All of these observations illustrate the tremendous diversity that exists for orphan receptors with respect to their relationships with small molecules and allows us to redefine the term “ligand” for nuclear receptors. Historically, since the discovery of the superfamily started with the characterization of steroid receptors (i.e., receptors with nanomolar affinity for very selective ligands that are typically hormones synthesized in specific tissues in the organism), it was thought that most, if not all, NRs should have ligands with similar characteristics. The characterization of “sensors” such as PPARs, LXRs, FXRs, PXR/CAR, and even RXRs has prompted a reevaluation of this definition because the LBDs of these receptors bind a large number of molecules, often derived from food or intermediate metabolism products and present at very high physiological concentrations relative to steroid hormones, with a much lower affinity (typically in the micromolar range). Thus, it became clear that NRs do bind not only hormones or morphogens, such as retinoic acid, but also a much broader set of small molecules. If we consider all orphan receptors, we can see that there is a continuum between small molecules forming prosthetic groups tightly linked to the receptor and exchangeable molecules with signaling activities. The main challenge for future work will be to decipher which of the newly discovered “ligands” of orphan receptors are physiologically relevant molecules with a signaling role (i.e., carrying biological information). For this, the emphasis will have to shift from structural studies that were extremely powerful in revealing the nature of these molecules to in vivo analyses of their biological role.

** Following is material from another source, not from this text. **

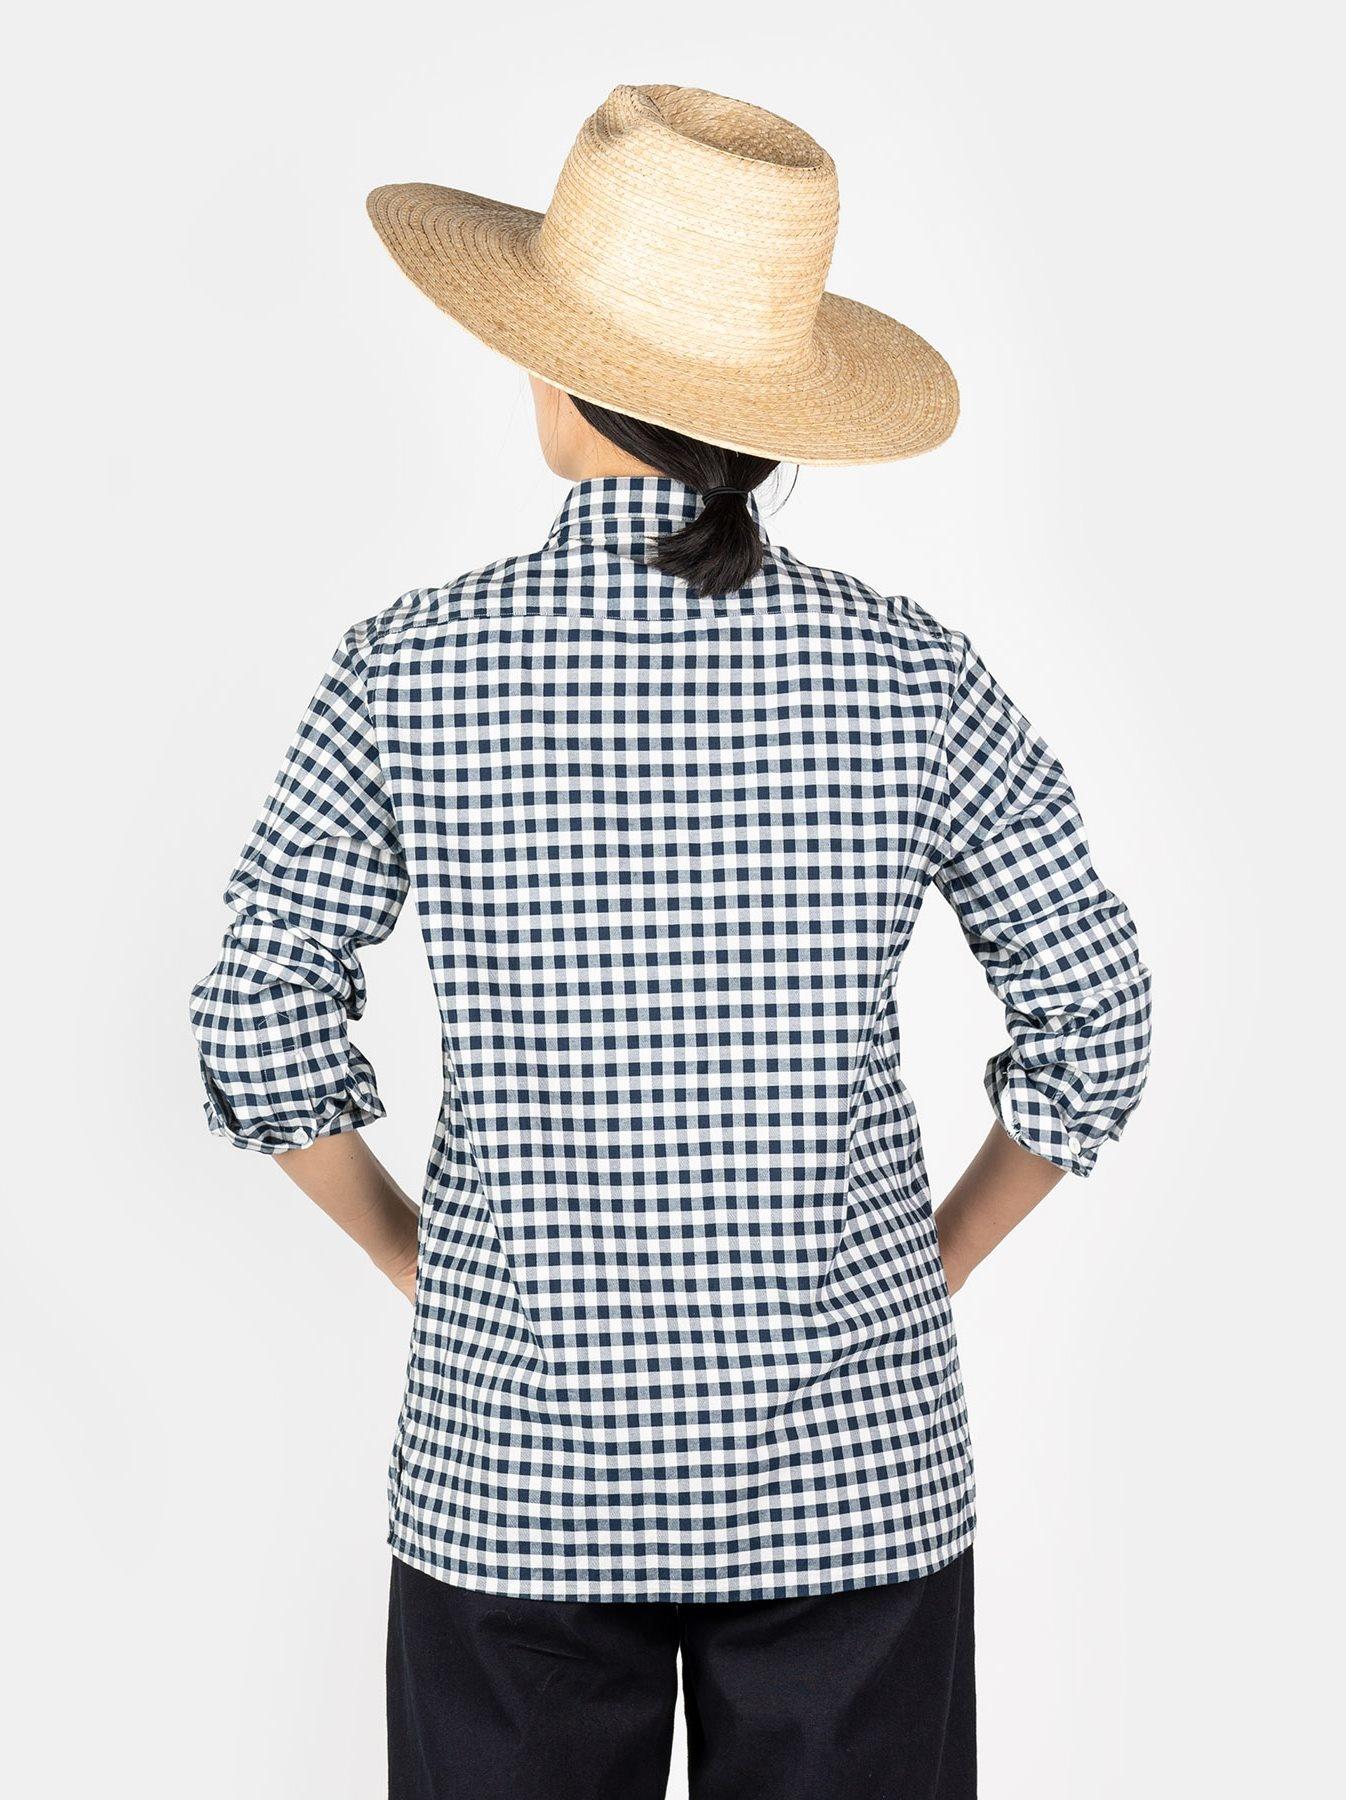 WH Indigo Oxford 908 Round Collar Shirt-7

However, in trying to physiologically link a new ligand to an orphan receptor, an instructive paradigm to look at is the estrogen receptors and the enzyme, aromatase, that produces their ligand. The reproductive roles of the estrogen receptors α and β were succinctly determined by gene targeting (Lubahn et al., 1993; Krege et al., 1998; Dupont et al., 2000). The reproductive phenotype of the aromatase knockout only reinforced its role in producing the signal that regulates the estrogen receptors (Fisher et al., 1998; Honda et al., 1998; Nemoto et al., 2000). Thus, inactivation of an enzyme that produces a putative ligand should phenocopy part or all of a receptor phenotype.

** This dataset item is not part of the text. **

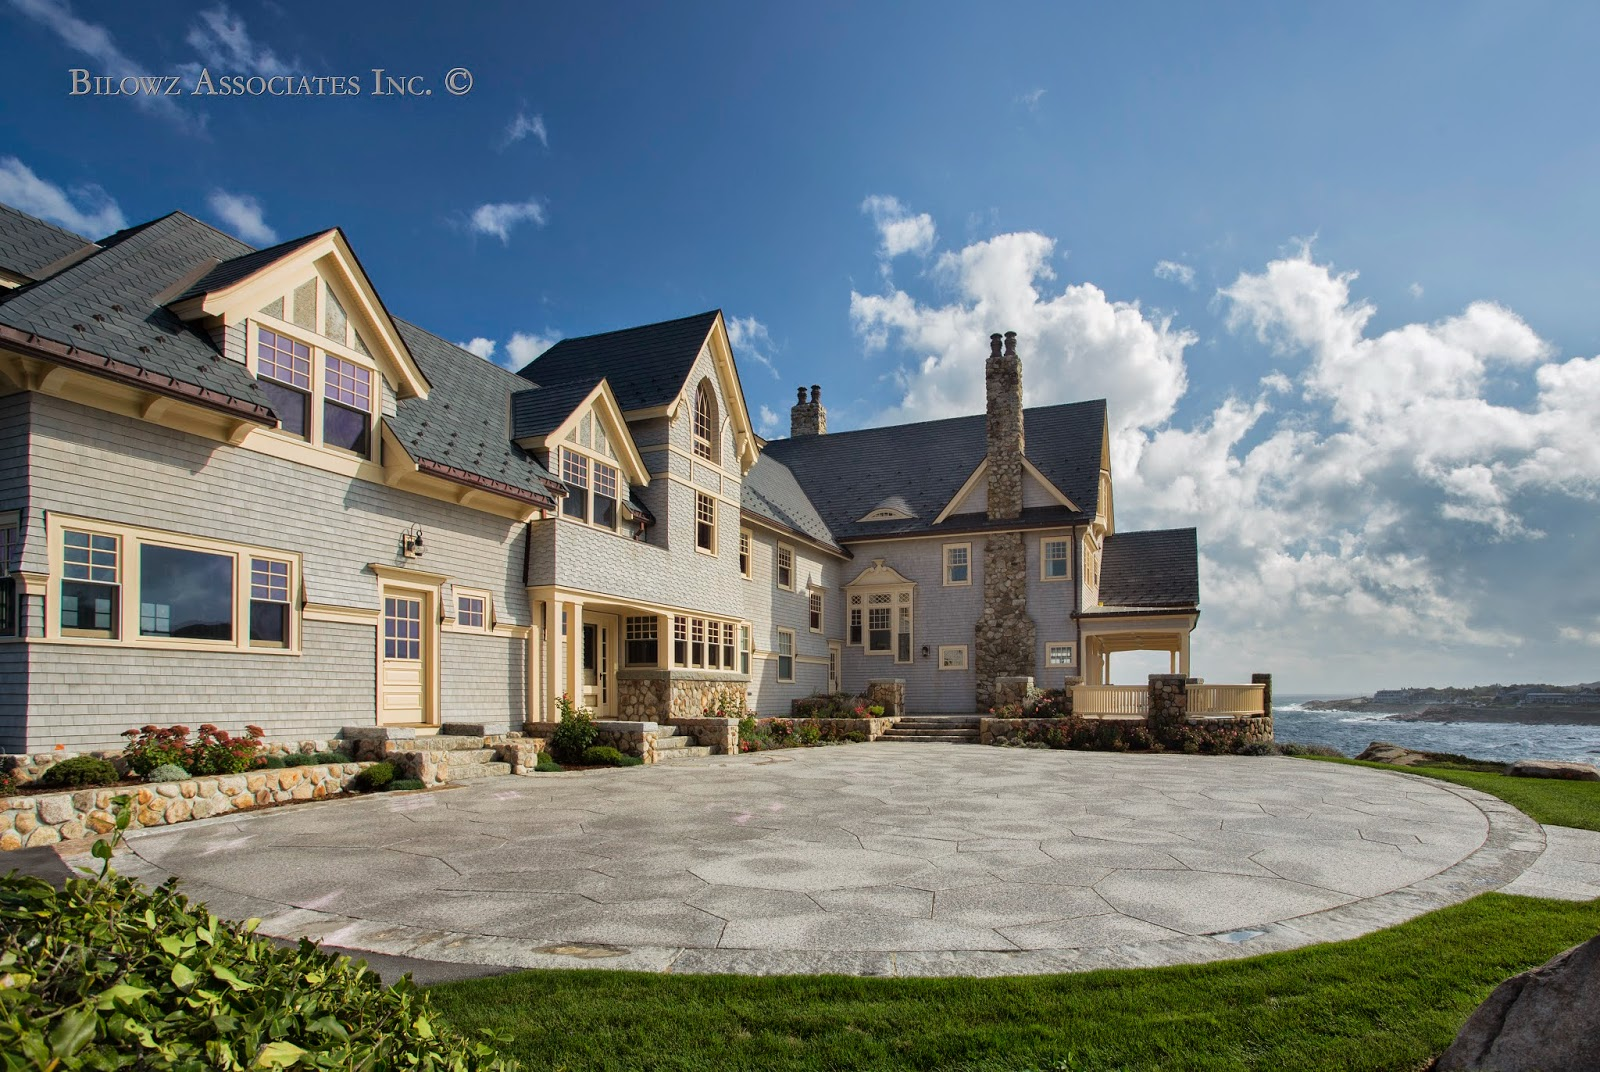 Coastal property - landscape architecture/design

The Paradox: Toward Pharmacology of Orphan Receptors?

To conclude, one cannot help but comment that this wide diversity of mechanisms is very good news for pharmacologists. Examples such as ERRγ clearly show that even if an orphan NR has apparently no ligand and an empty pocket, it can still be a valid pharmaceutical target, potentially bound and regulated by drug molecules. The same is likely to be true for other receptors, such as LRH-1, SF-1, and the RORs, making them promising pharmaceutical targets as well.

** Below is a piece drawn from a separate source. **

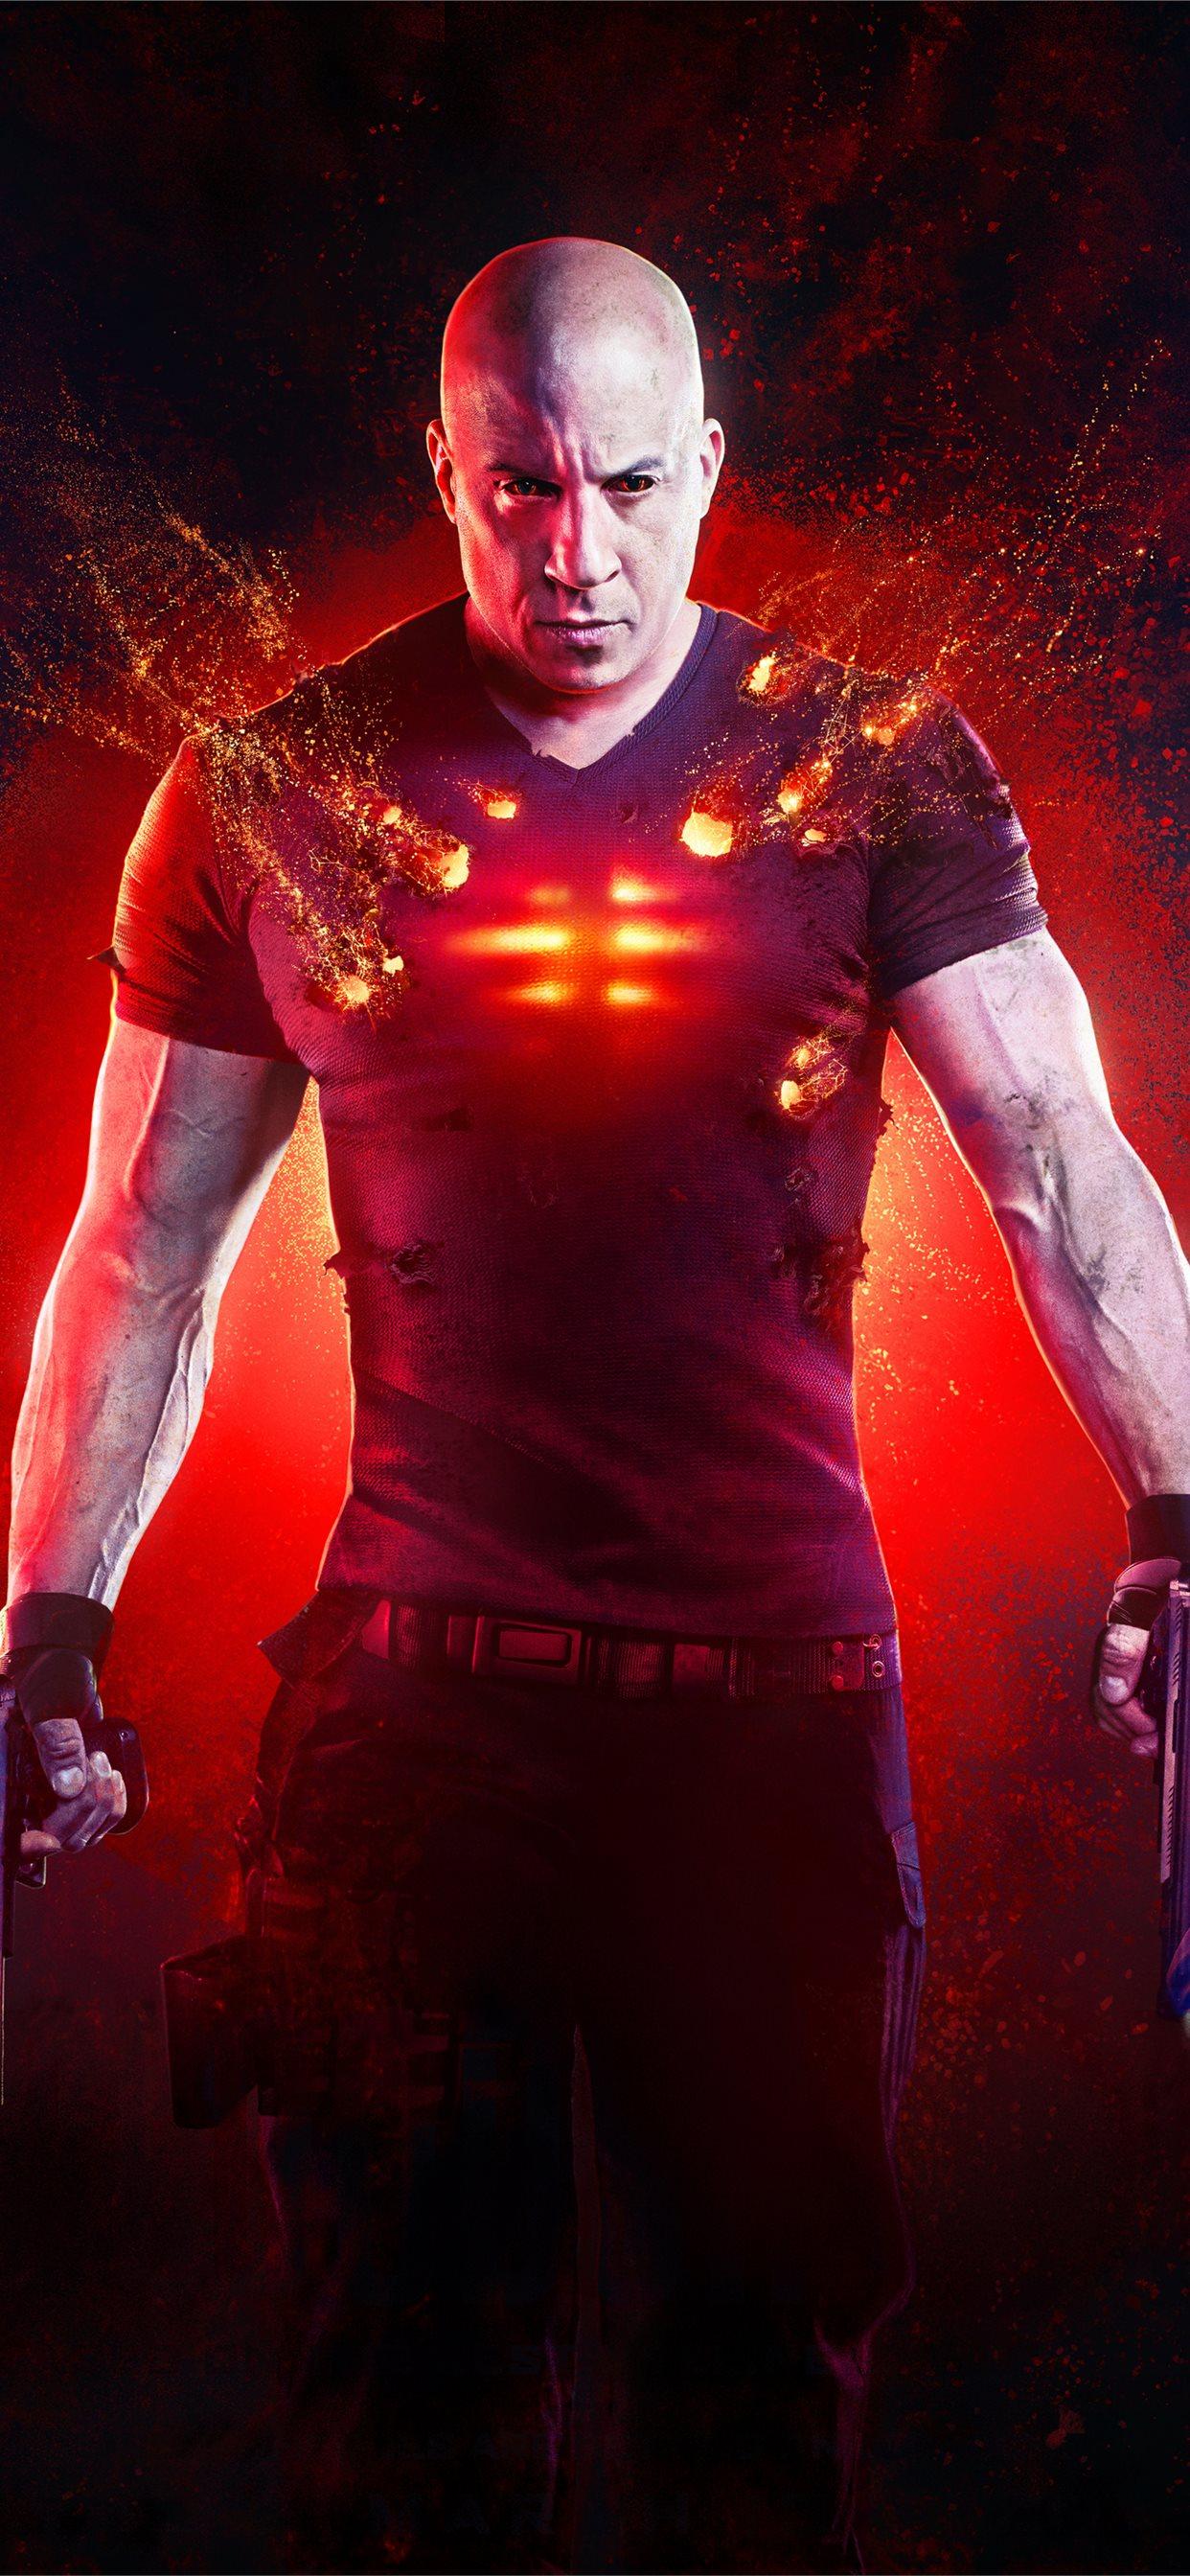 bloodshot movie 2020 5k vin diesel iPhone Wallpapers Download 1242x2688

Finally, it is also important to note that numerous orphan receptors form heterodimers with RXR (Mangelsdorf and Evans, 1995). This functional property seems to be critical for the true orphans of the NR4A subfamily (NGFI-B and NURR1 but not NOR1) (Perlmann and Jansson, 1995; Zetterstrom et al., 1996), because these heterodimers were shown to be responsive to RXR specific ligands, adding yet another mechanism by which the transcriptional activity of these physiologically essential receptors can be regulated.

Tables 1, 2, 3, 4, 5, 6, 7, 8, 9, 10, 11, 12, 13, 14, 15, 16, 17, 18, 19, 20, 21, 22, 23, 24, 25 summarize the functions, biologic activities, structural properties, and ligands of these receptors.